Work to be completed. Transcribe every record below word for word.

········

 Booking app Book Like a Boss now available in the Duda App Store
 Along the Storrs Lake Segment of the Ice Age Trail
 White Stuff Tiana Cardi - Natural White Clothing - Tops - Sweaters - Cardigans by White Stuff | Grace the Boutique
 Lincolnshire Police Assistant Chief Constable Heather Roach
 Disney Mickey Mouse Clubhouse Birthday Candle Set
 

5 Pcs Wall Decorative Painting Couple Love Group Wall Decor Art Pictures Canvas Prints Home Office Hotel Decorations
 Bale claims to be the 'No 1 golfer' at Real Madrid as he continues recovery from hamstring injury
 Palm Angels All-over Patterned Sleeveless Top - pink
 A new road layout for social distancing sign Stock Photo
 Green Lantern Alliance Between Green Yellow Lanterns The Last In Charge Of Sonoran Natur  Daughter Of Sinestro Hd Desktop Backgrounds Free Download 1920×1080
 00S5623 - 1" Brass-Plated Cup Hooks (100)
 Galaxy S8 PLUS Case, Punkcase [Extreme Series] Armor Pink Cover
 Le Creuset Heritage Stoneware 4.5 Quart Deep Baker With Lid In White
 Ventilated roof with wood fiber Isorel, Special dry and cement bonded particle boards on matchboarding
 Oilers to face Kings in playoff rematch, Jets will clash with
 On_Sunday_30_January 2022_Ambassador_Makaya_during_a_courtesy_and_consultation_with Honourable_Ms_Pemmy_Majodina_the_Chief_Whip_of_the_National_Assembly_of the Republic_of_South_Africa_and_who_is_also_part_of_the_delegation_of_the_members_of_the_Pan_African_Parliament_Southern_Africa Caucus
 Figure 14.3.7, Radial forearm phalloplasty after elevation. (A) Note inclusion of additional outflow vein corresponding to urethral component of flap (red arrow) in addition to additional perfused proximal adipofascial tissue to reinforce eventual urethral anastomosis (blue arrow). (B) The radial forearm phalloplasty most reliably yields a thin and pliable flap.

········

Reply to the task.
 Booking app Book Like a Boss now available in the Duda App Store
 Along the Storrs Lake Segment of the Ice Age Trail
 White Stuff Tiana Cardi - Natural White Clothing - Tops - Sweaters - Cardigans by White Stuff | Grace the Boutique
 Lincolnshire Police Assistant Chief Constable Heather Roach
 Disney Mickey Mouse Clubhouse Birthday Candle Set
 

5 Pcs Wall Decorative Painting Couple Love Group Wall Decor Art Pictures Canvas Prints Home Office Hotel Decorations
 Bale claims to be the 'No 1 golfer' at Real Madrid as he continues recovery from hamstring injury
 Palm Angels All-over Patterned Sleeveless Top - pink
 A new road layout for social distancing sign Stock Photo
 Green Lantern Alliance Between Green Yellow Lanterns The Last In Charge Of Sonoran Natur  Daughter Of Sinestro Hd Desktop Backgrounds Free Download 1920×1080
 00S5623 - 1" Brass-Plated Cup Hooks (100)
 Galaxy S8 PLUS Case, Punkcase [Extreme Series] Armor Pink Cover
 Le Creuset Heritage Stoneware 4.5 Quart Deep Baker With Lid In White
 Ventilated roof with wood fiber Isorel, Special dry and cement bonded particle boards on matchboarding
 Oilers to face Kings in playoff rematch, Jets will clash with
 On_Sunday_30_January 2022_Ambassador_Makaya_during_a_courtesy_and_consultation_with Honourable_Ms_Pemmy_Majodina_the_Chief_Whip_of_the_National_Assembly_of the Republic_of_South_Africa_and_who_is_also_part_of_the_delegation_of_the_members_of_the_Pan_African_Parliament_Southern_Africa Caucus
 Figure 14.3.7, Radial forearm phalloplasty after elevation. (A) Note inclusion of additional outflow vein corresponding to urethral component of flap (red arrow) in addition to additional perfused proximal adipofascial tissue to reinforce eventual urethral anastomosis (blue arrow). (B) The radial forearm phalloplasty most reliably yields a thin and pliable flap.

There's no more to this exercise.